• WORK REQUEST: Beginning with the line below that contains "Junge muslimische Frauen" and ending with the line that contains "Janique 2444 - Floral", copy every line exactly. Copy nothing else.

• MATERIAL FOR THIS TASK:
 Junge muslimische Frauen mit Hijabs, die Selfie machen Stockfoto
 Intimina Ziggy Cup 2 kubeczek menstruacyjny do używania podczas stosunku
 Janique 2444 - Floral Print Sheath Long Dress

---

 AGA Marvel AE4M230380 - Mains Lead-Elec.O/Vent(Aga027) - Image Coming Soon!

---

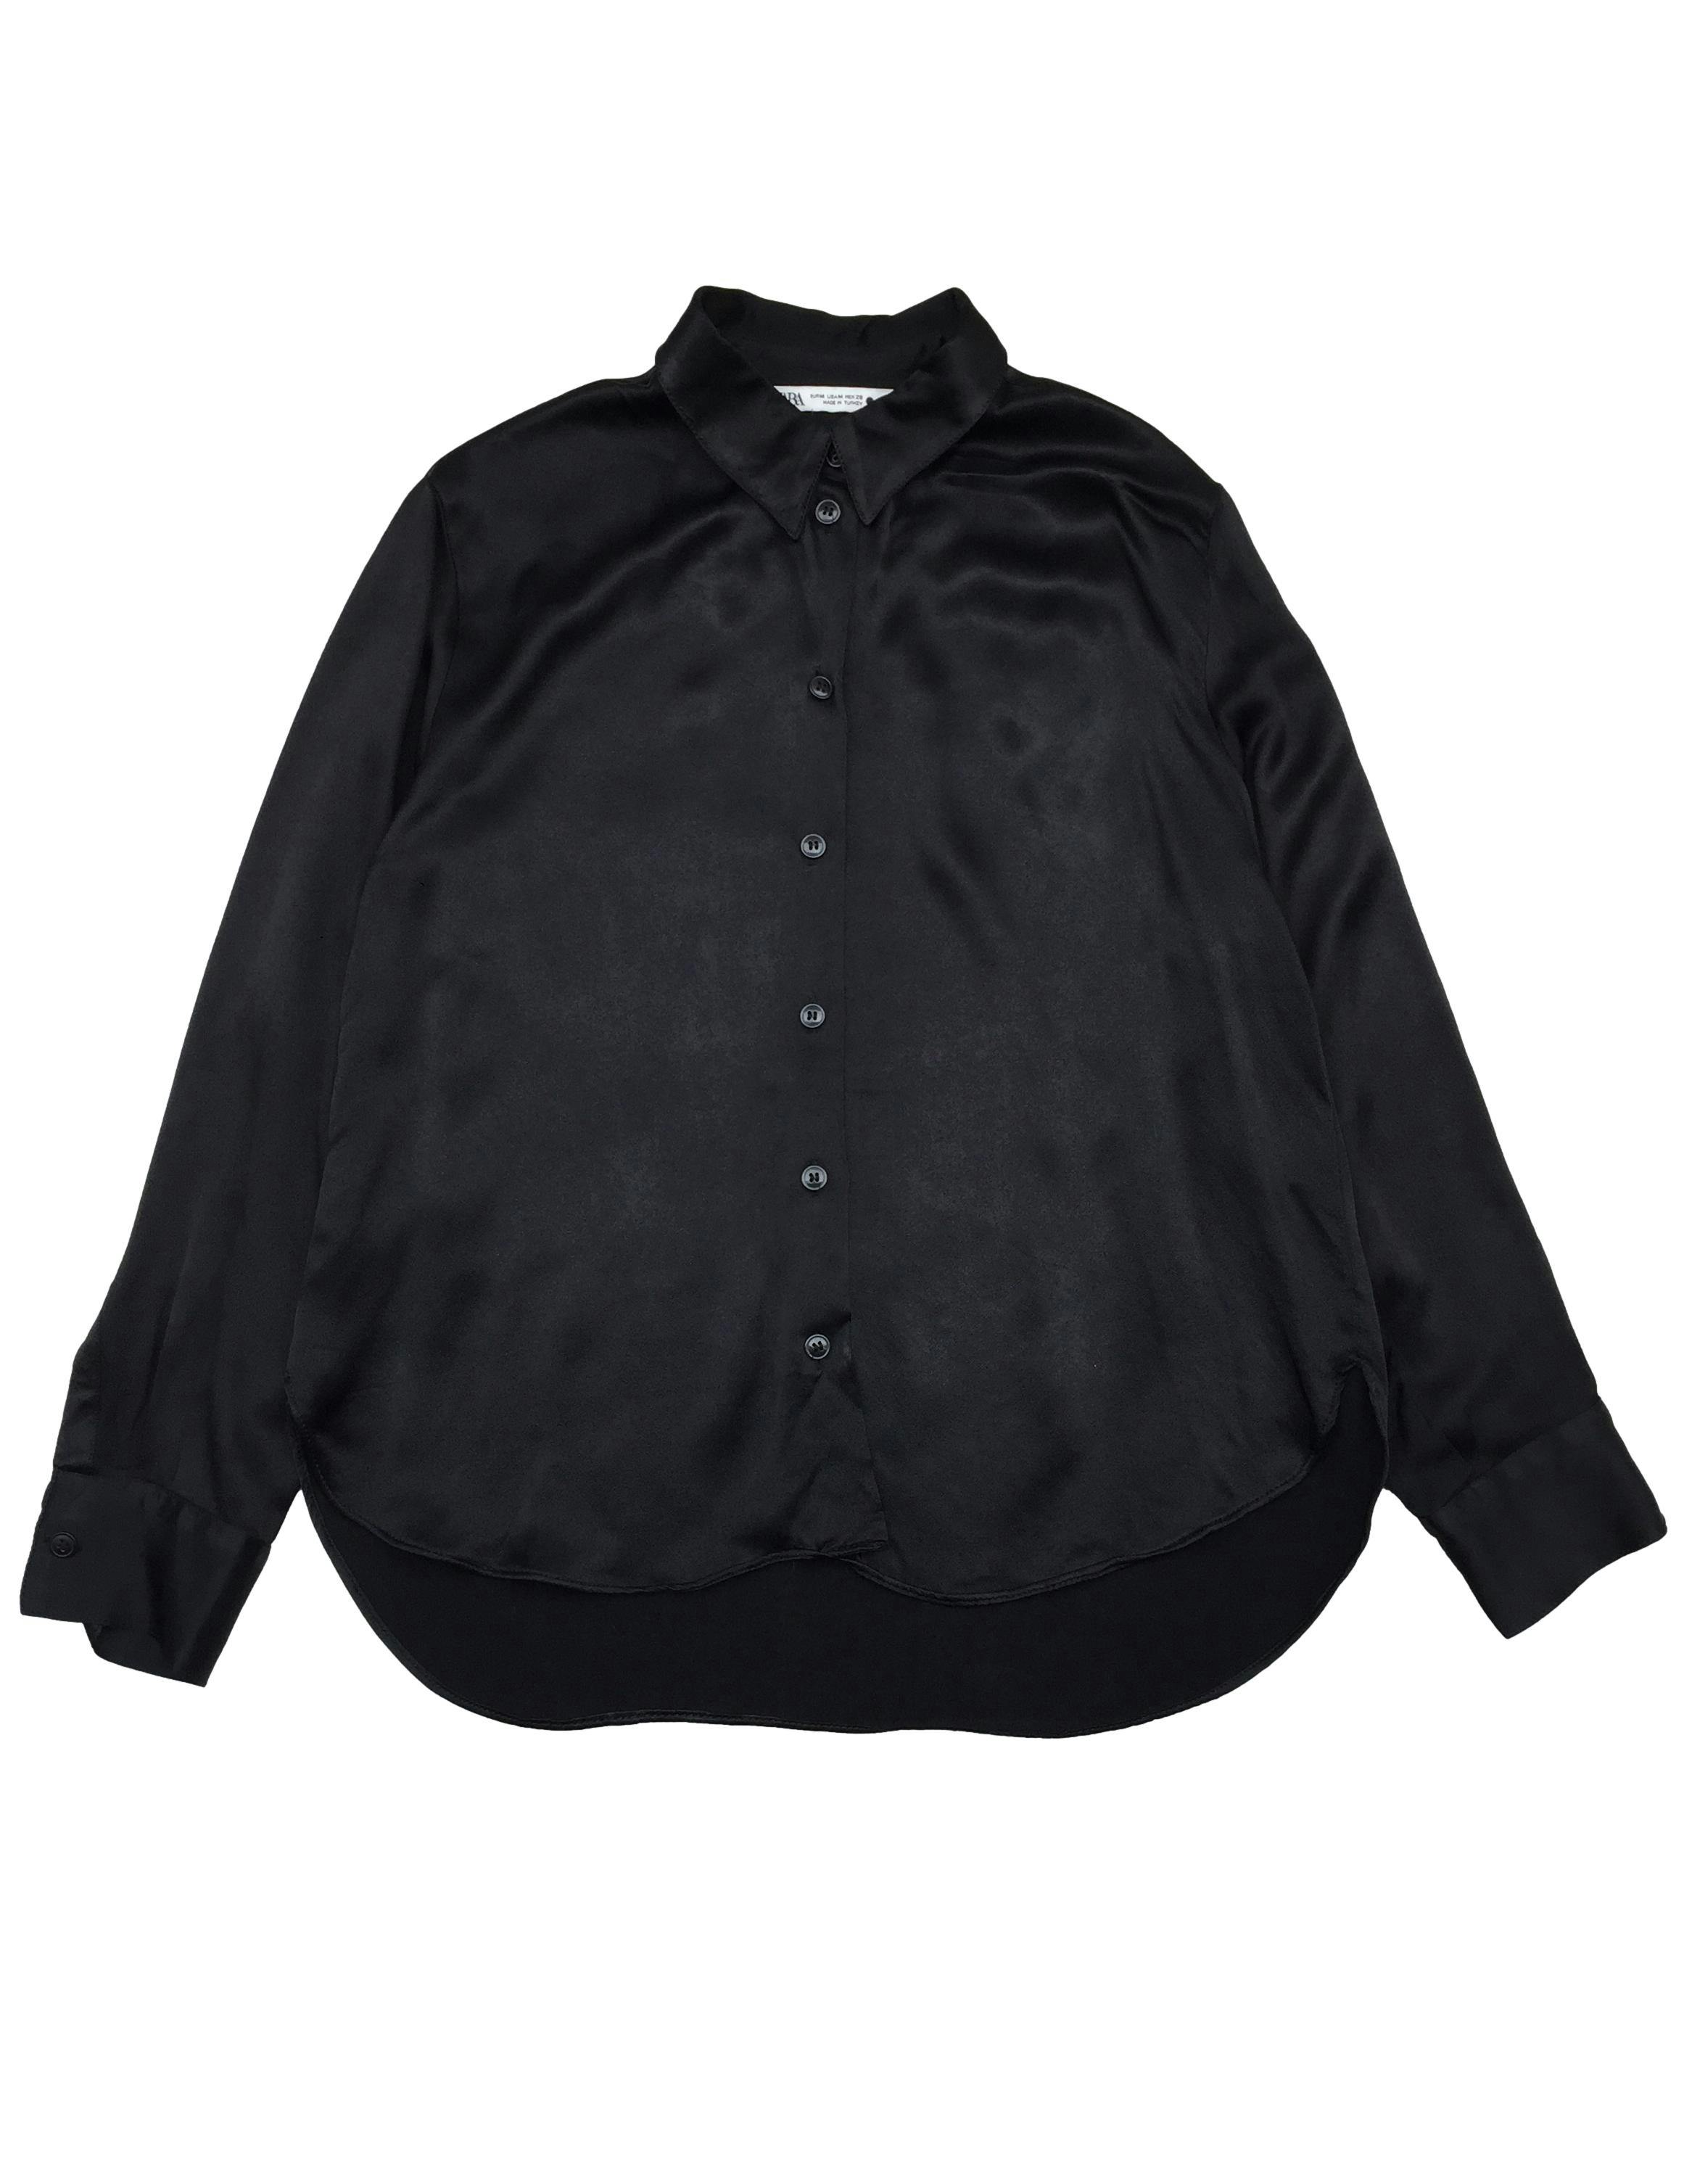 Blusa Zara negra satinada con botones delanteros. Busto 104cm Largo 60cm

• WRITTEN REPLY:
 Junge muslimische Frauen mit Hijabs, die Selfie machen Stockfoto
 Intimina Ziggy Cup 2 kubeczek menstruacyjny do używania podczas stosunku
 Janique 2444 - Floral Print Sheath Long Dress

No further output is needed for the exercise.